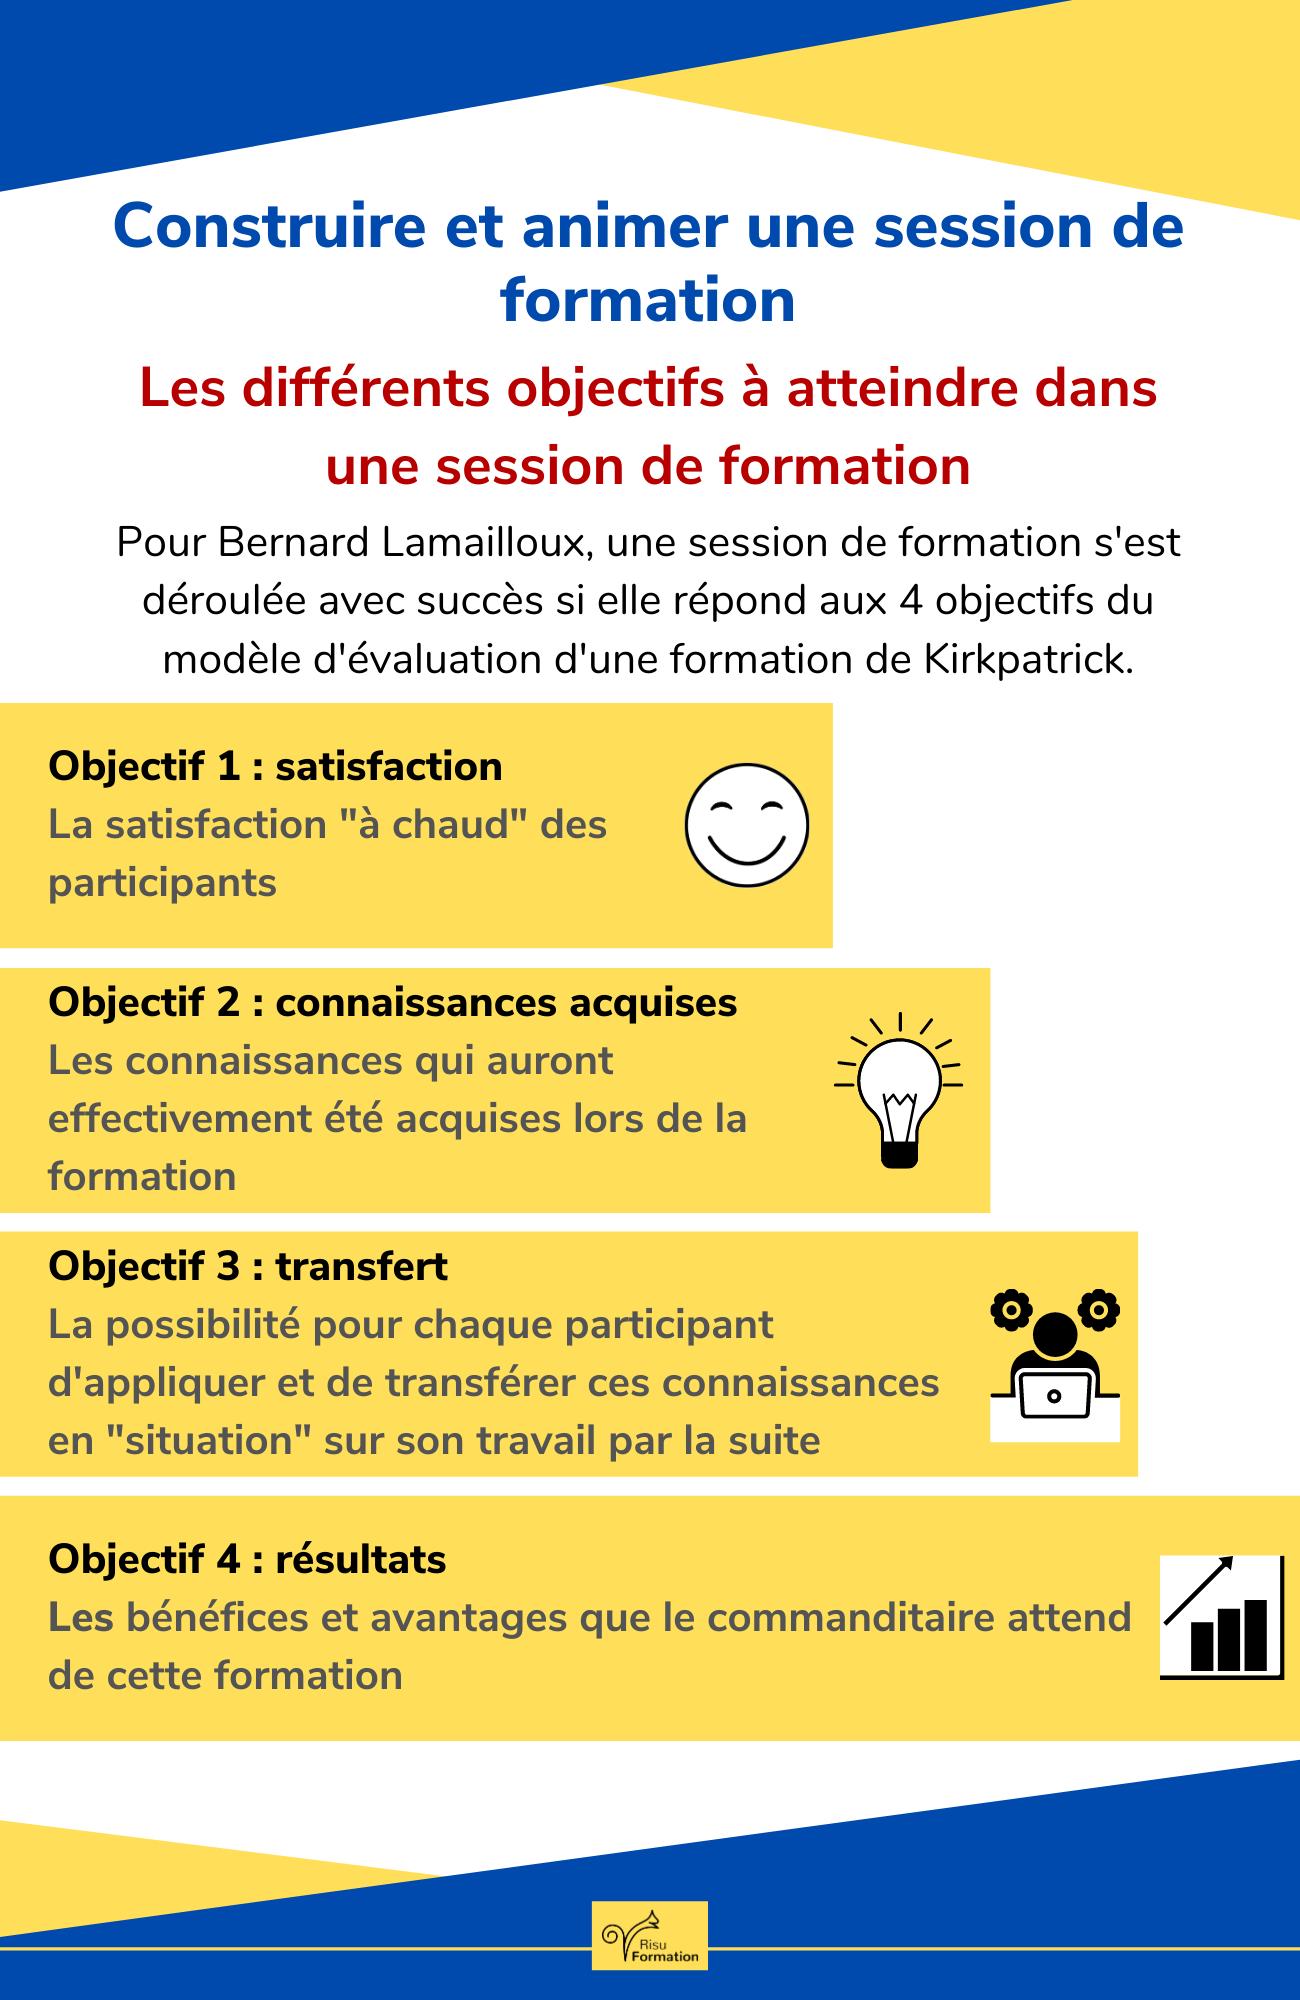 infographie de la semaine : les différents objectifs à atteindre dans une session de formation
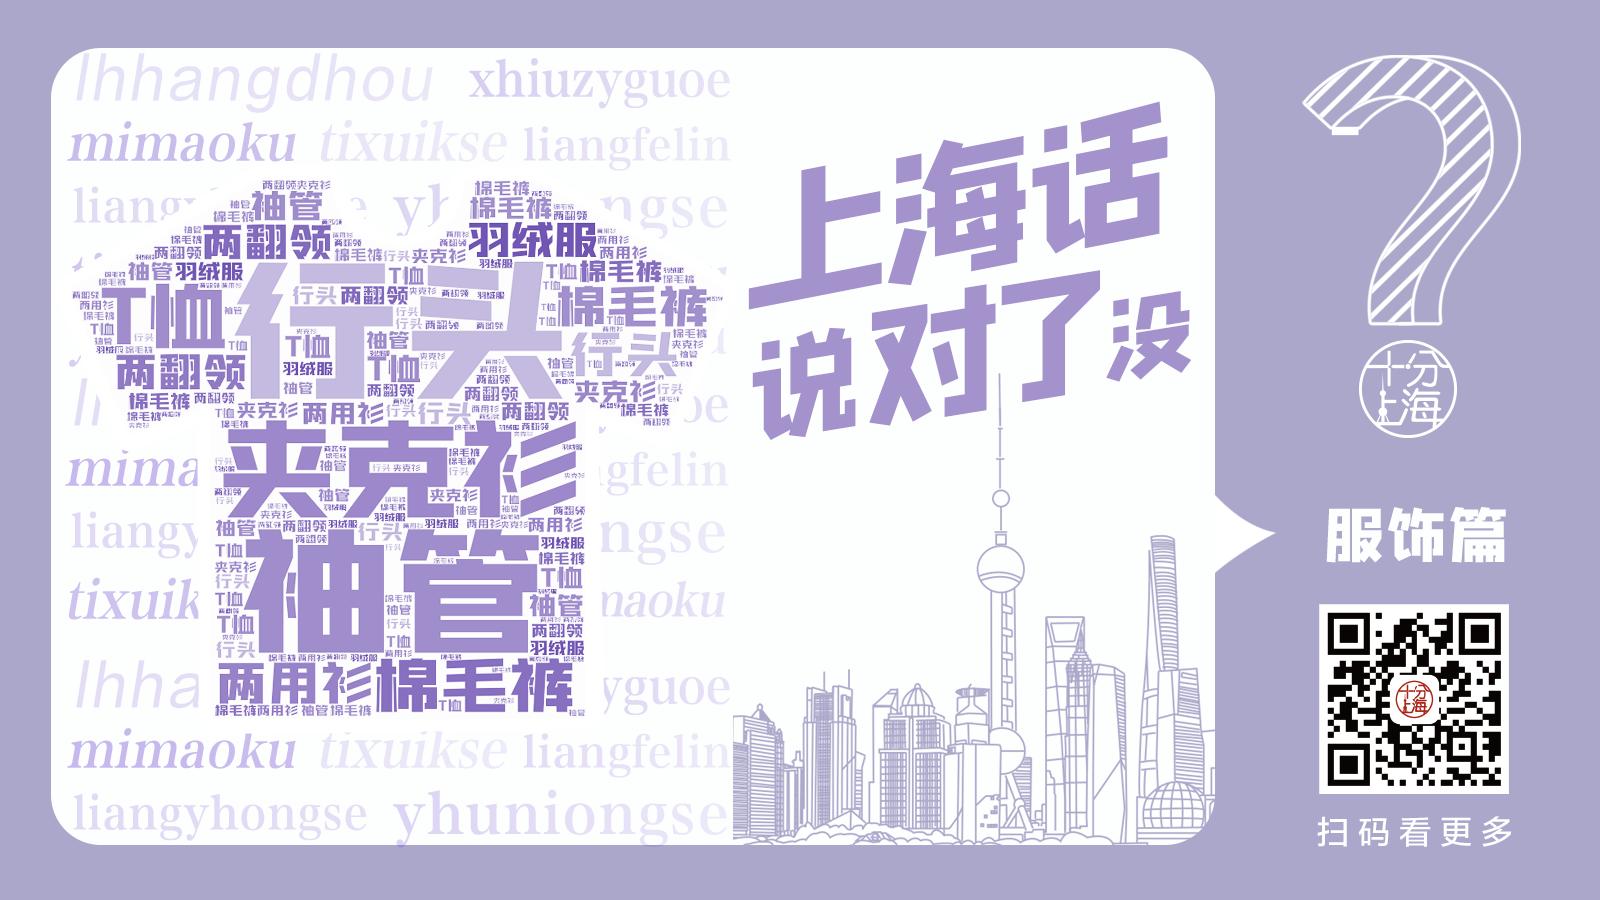 暖似阳春!今明两天上海最高24℃;中文正式成为联合国世界旅游组织官方语言| 新民早报[2021.2.21]
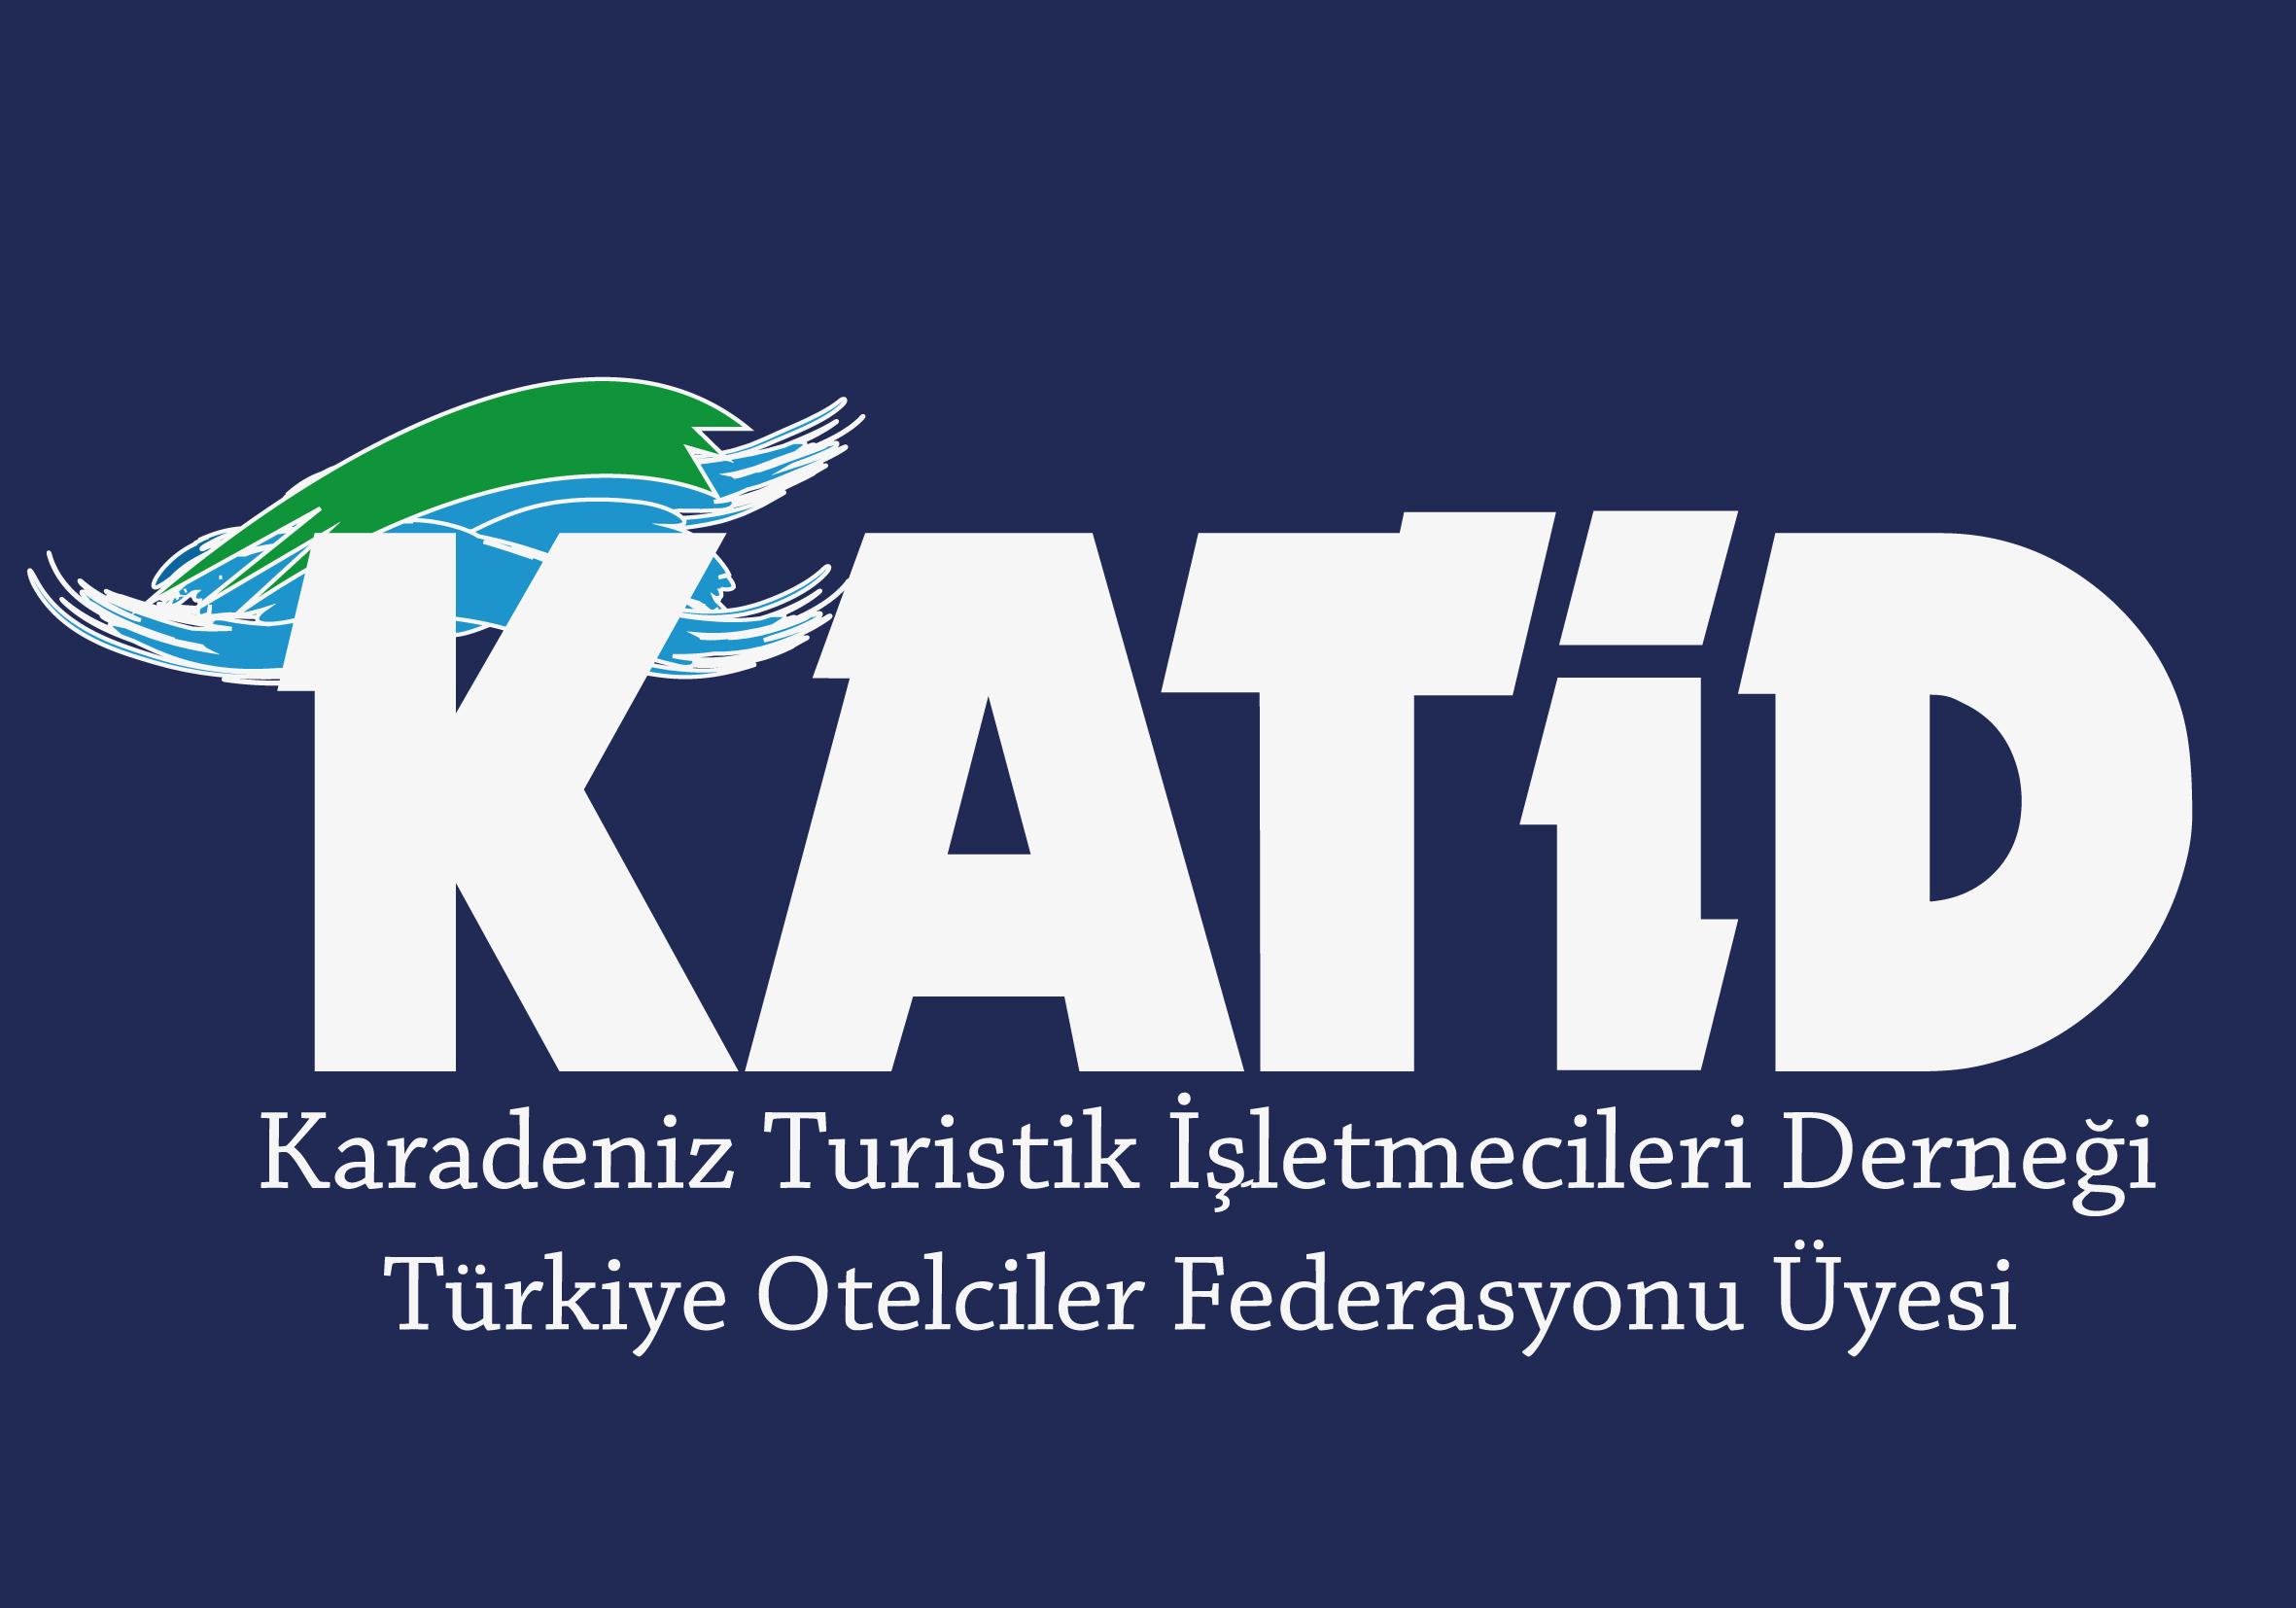 Karadeniz Turistik İşletmecileri Derneği

Task item - Transcribe the full listing above exactly, with the images removed.

Result for this task -
 infographie de la semaine : les différents objectifs à atteindre dans une session de formation
 暖似阳春!今明两天上海最高24℃;中文正式成为联合国世界旅游组织官方语言| 新民早报[2021.2.21]
 Karadeniz Turistik İşletmecileri Derneği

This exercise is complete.